In these interviews, we are very careful not to frame answers. Our goal is to understand the explanations that women themselves hold, so we use indirect or very open-ended questions. The climate angle emerged clearly and unprompted. We didn’t ask, “Is climate change the reason you migrate?” Instead, we asked what they could do if they stayed in the village — what other agricultural work or alternatives they had. Their response was that there is essentially nothing: repeated droughts mean very little work. They also told us that even this year the sugarcane season will be shorter. They expected to be away for six months, but because there is less cane, it will likely be only four or five. That is serious, because they took advances assuming a six-month season.

So climate came up in their own narratives: there is less cane, there have been droughts, and opportunities at home have shrunk. We then pair these accounts with objective weather data, identifying where droughts have been more or less severe, and hope to trace migration patterns and related outcomes in that way.

Mittal Institute: Thinking about real-world impact, how can your findings help shape more effective policy interventions aimed at reducing gender-related health inequalities linked to climate change?

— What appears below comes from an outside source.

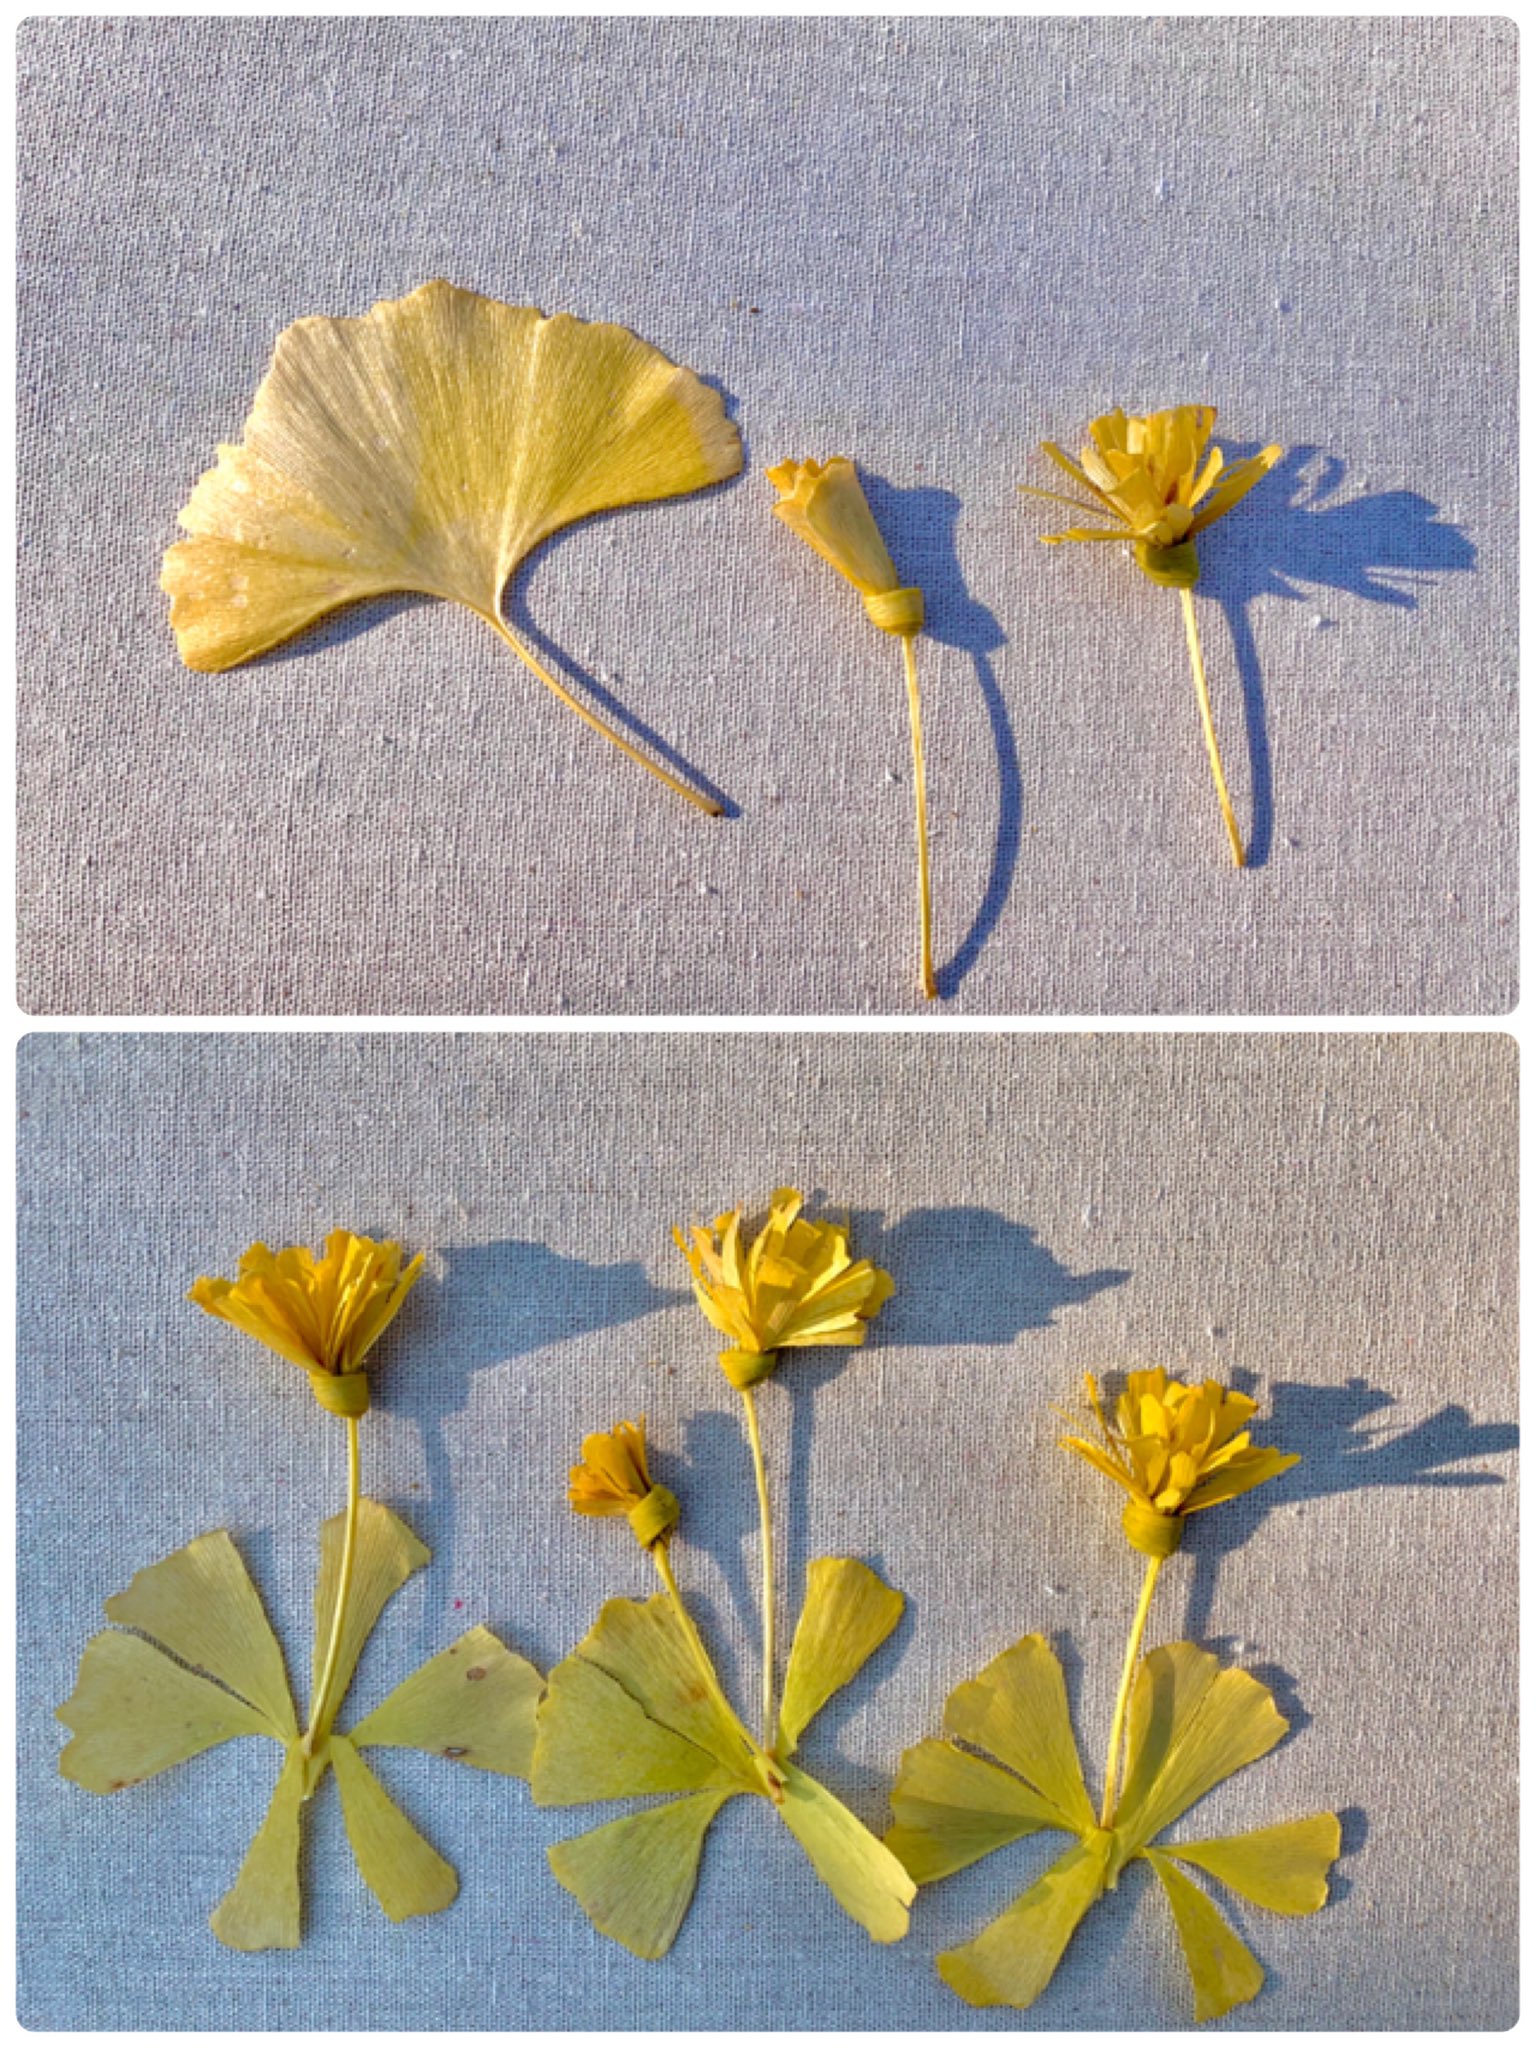 Inori Ar Twitter イチョウでタンポポを作りました 面積の広いイチョウの葉を使います 半分に折り更に蛇腹に折り 葉の下の方をもみもみ 柄ではなく葉でひと結びします 花びら は短くても大丈夫なのでガクをしっかり作ります 花弁を割いてタンポポの花です 緑っ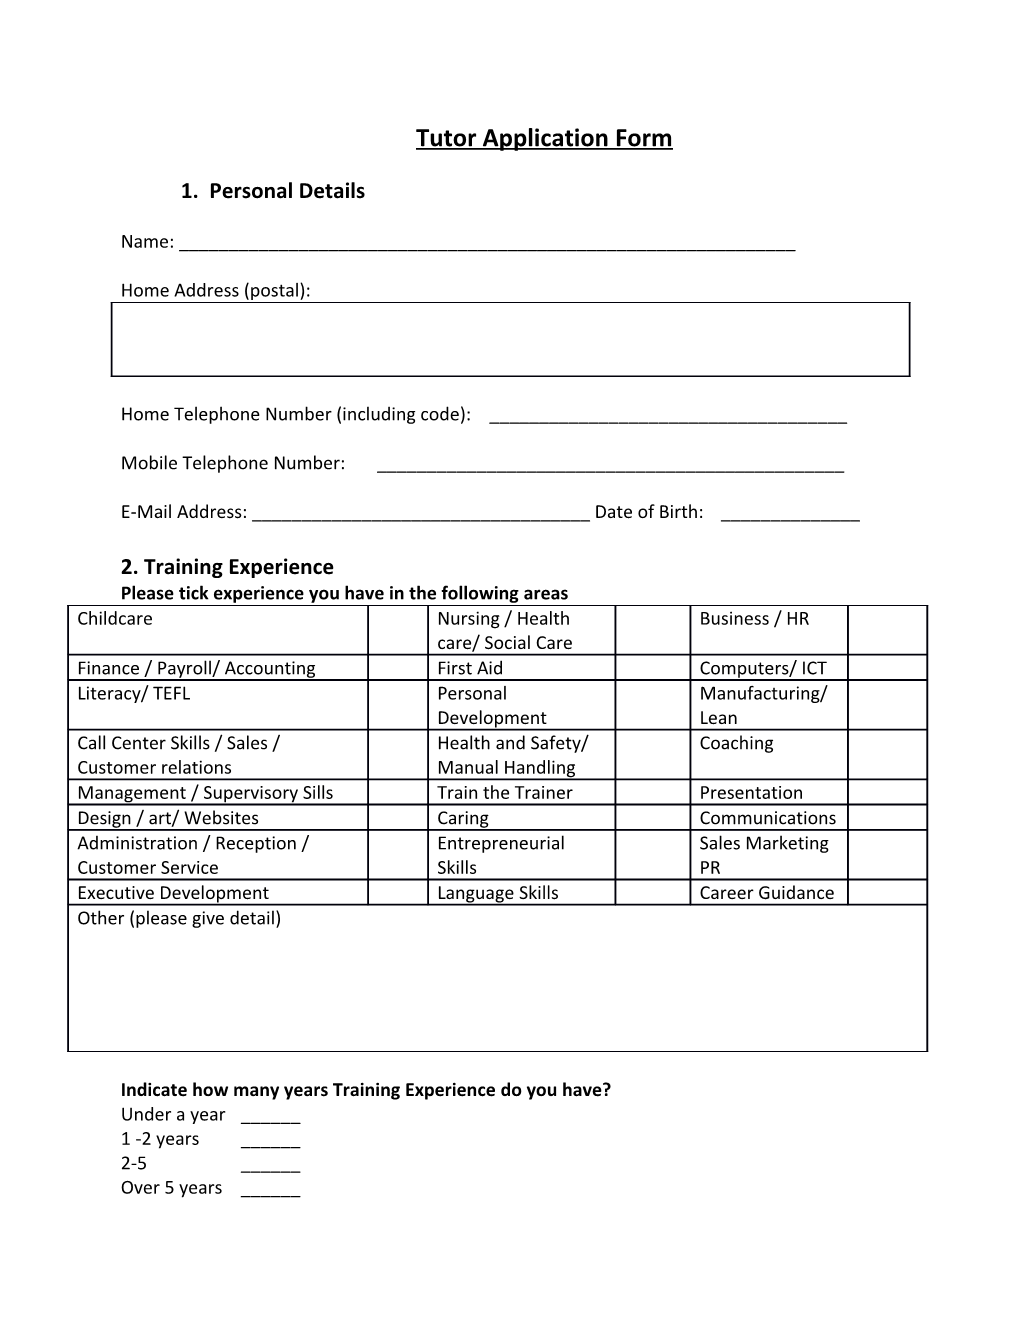 Tutor Application Form

Eliana La Ferrara: One thing I can say, at a more macro level, is that if climateinduced migration is at the root of this, then policies that reduce the impact of climate shocks in origin areas are crucial. That could include index insurance or developing alternative livelihoods that are less dependent on agricultural productivity. In that spirit, Aditi’s own work on digital jobs for marginalized populations points to alternative livelihoods as a potential solution.

A second approach is to improve conditions within the existing system, assuming people continue cutting sugarcane. That means improving the terms of agreements with contractors and helping workers avoid remaining trapped in debt. We are exploring the idea of financial tracking tools or training for couples — ways to plan advances better and track repayments and income over the season to strengthen their financial management.

We are still in early discussions with our partner organization about what is feasible, especially given very low literacy rates, which rule out some standard interventions used elsewhere. But we see clear potential to design tools tailored to this context.

Stepping back, the core problem is the extremely poor outside options: there is almost no other work for these marginalized groups. So at the macro level, developing alternative livelihoods in these regions is something state authorities should be seriously considering.

Aditi Bhowmick: Looking ahead to next year, we’ve broadly settled on ground-up financial empowerment of these workers as our main focus. As you’ve already noted, their situation is very complex: they take advances, must anticipate weather shocks, and face the risk of death and other emergencies.

Our plan is to see what we can do on the financial empowerment front through a sustained engagement  with the workers and the collective. We’re not trying to reinvent the wheel. We are talking closely with the collective to understand interventions they have already piloted, what has worked, and what has failed, and then building from there. We’re combining their experience with evidence from development economics research, and using that to design a financial empowerment intervention to target the relentless debt traps these women are caught in, and hopefully ultimately improve their bargaining power in some form.

Interview conducted by Kellie Nault, Writer/Editor at the Mittal Institute

 The views represented herein are those of the interviewees and do not necessarily reflect the views of the Mittal Institute, its staff, or its steering committee.